EXERCISE REQUIREMENTS - Only an exact copy of the entries, stripped of pictures, will serve as the answer.
────────
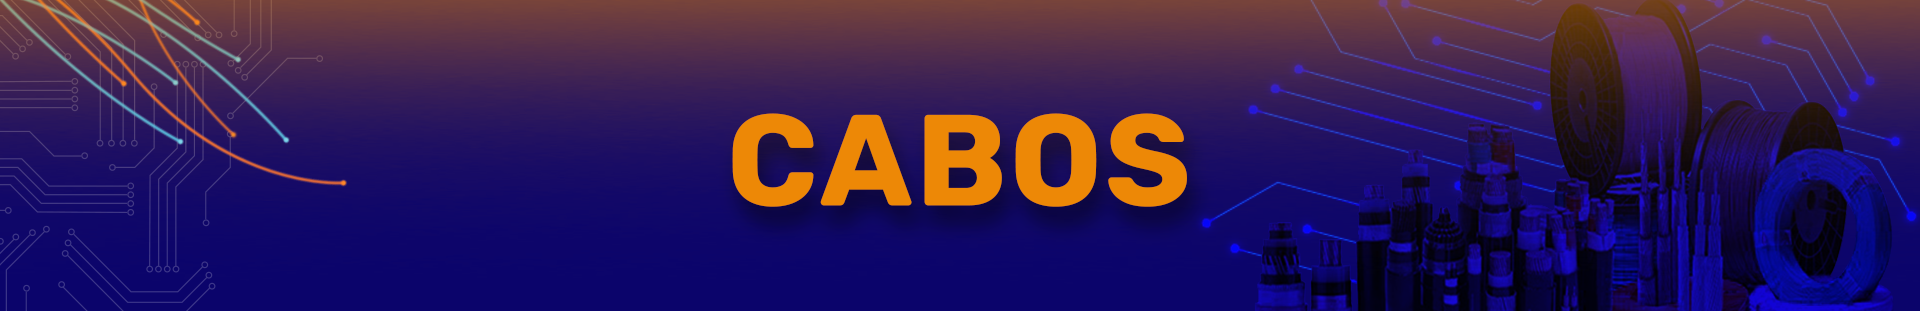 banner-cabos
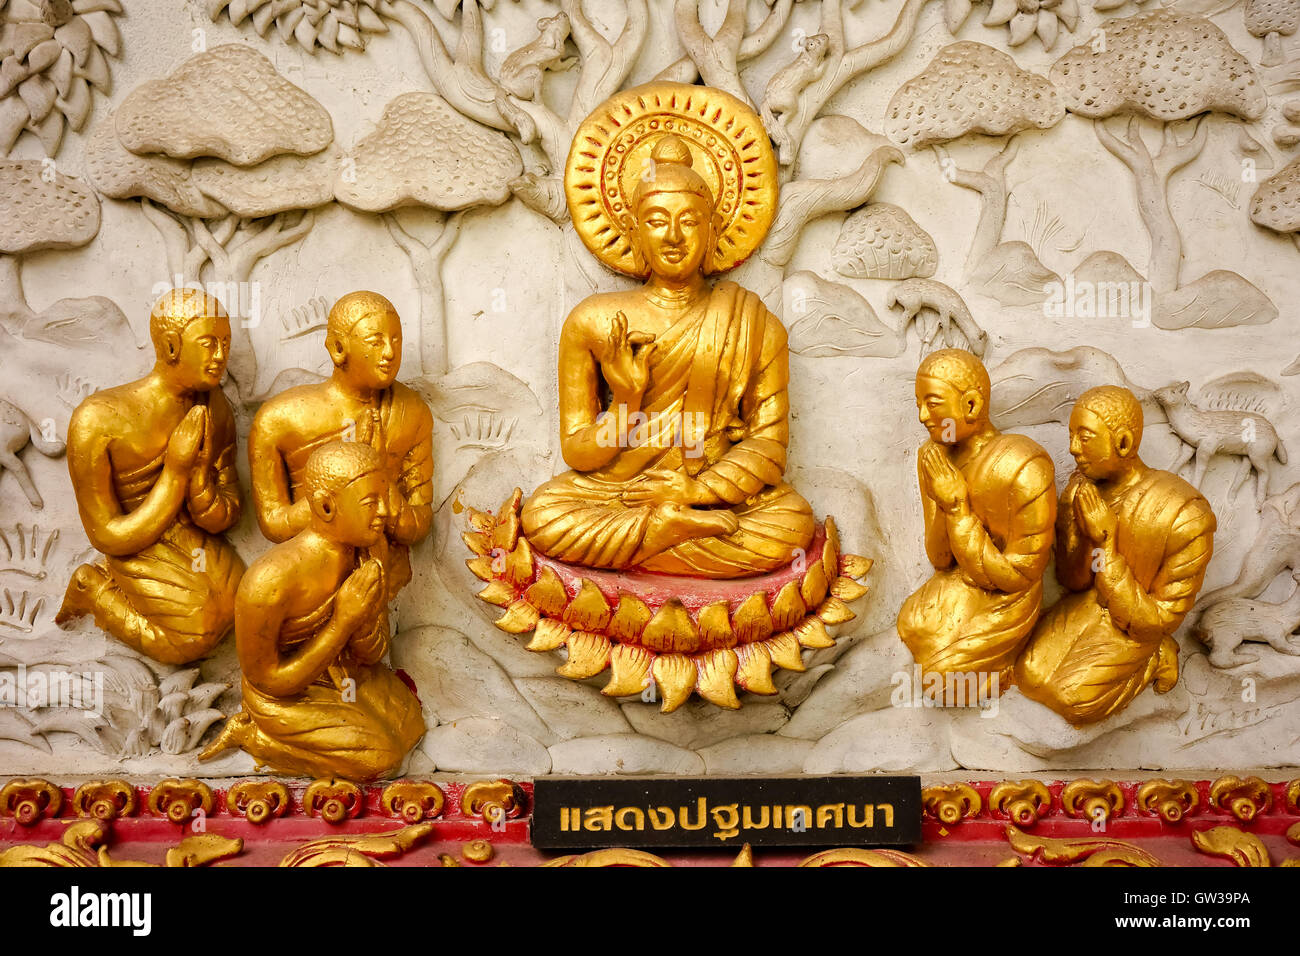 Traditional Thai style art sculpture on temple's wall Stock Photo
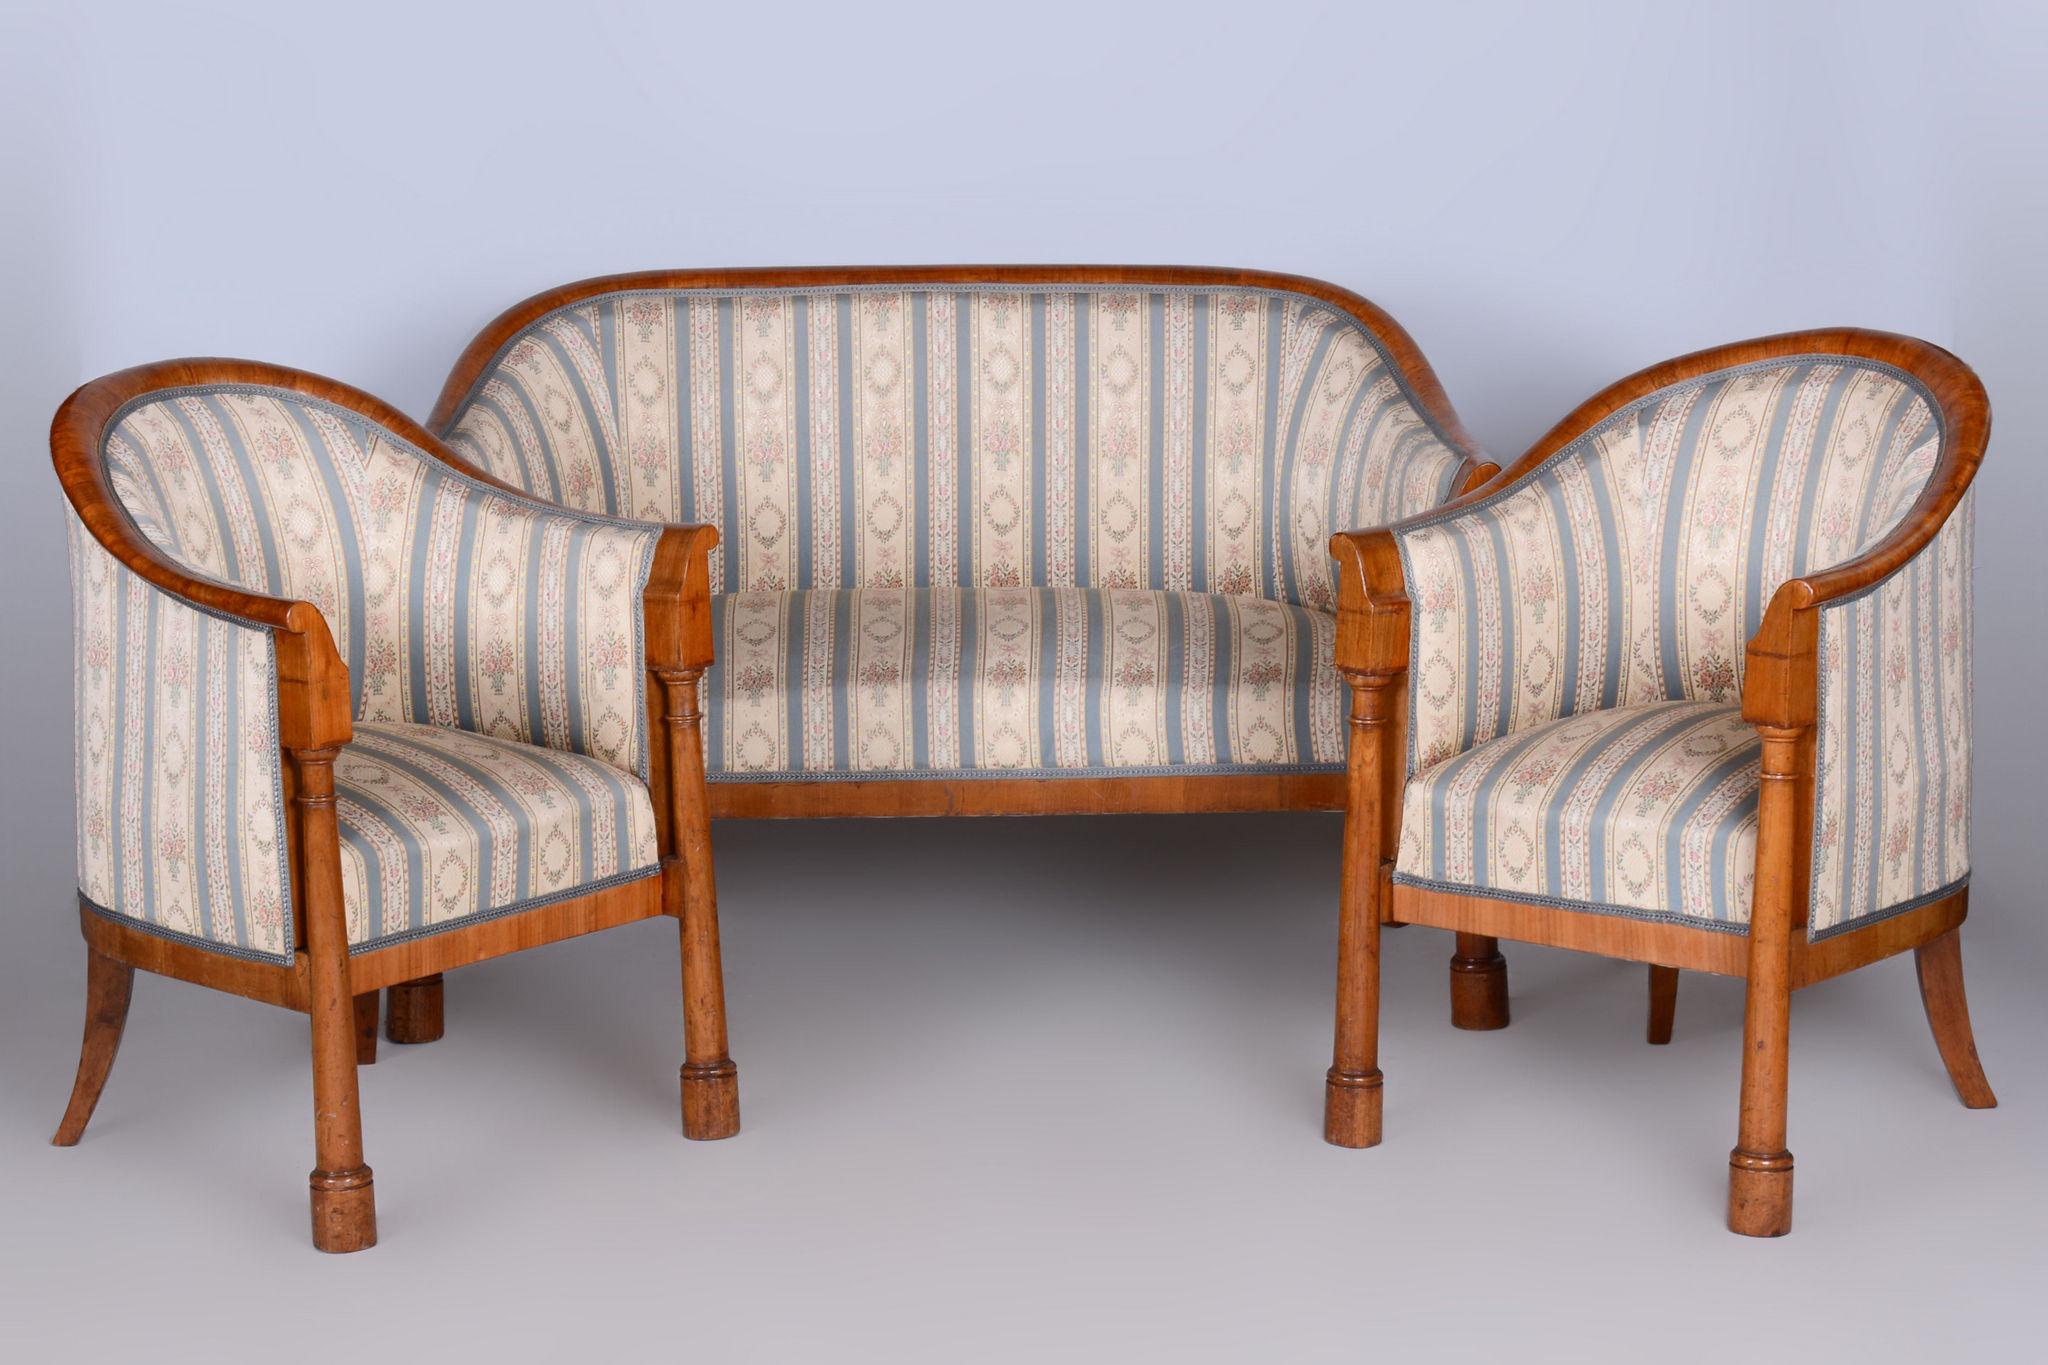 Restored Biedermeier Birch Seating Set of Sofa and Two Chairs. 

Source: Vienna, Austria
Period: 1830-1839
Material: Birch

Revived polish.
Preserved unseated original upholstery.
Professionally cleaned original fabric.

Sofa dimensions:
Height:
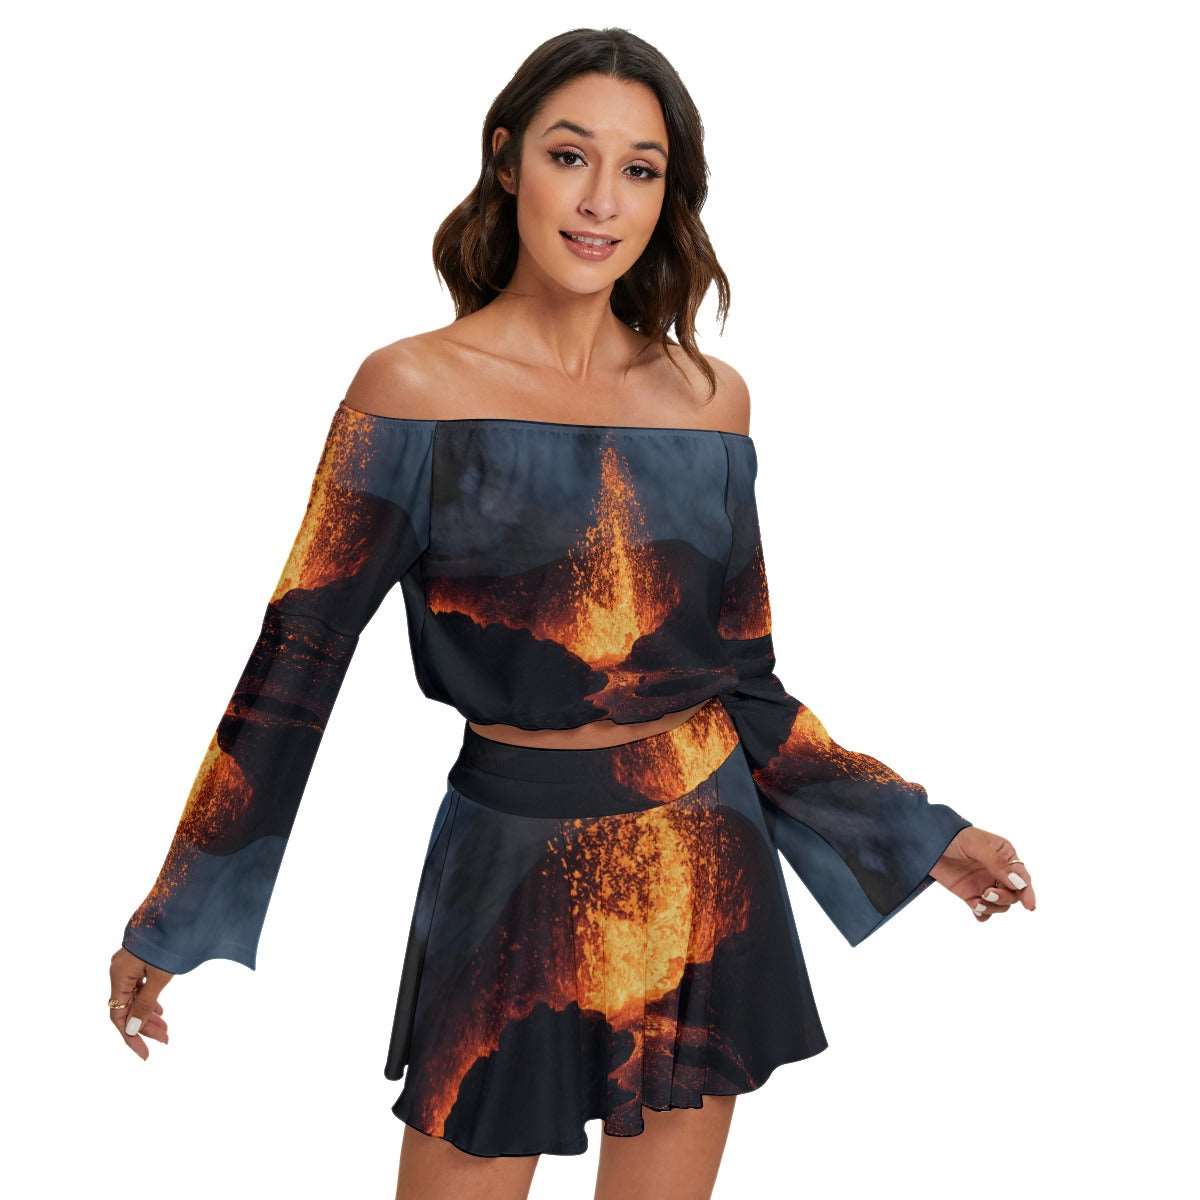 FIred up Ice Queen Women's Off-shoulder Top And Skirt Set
────────
TASK SOLUTION -
 banner-cabos
 Traditional Thai style art sculpture on temple's wall Stock Photo
 Restored Biedermeier Birch Seating Set of Sofa and Two Chairs. 

Source: Vienna, Austria
Period: 1830-1839
Material: Birch

Revived polish.
Preserved unseated original upholstery.
Professionally cleaned original fabric.

Sofa dimensions:
Height:
 FIred up Ice Queen Women's Off-shoulder Top And Skirt Set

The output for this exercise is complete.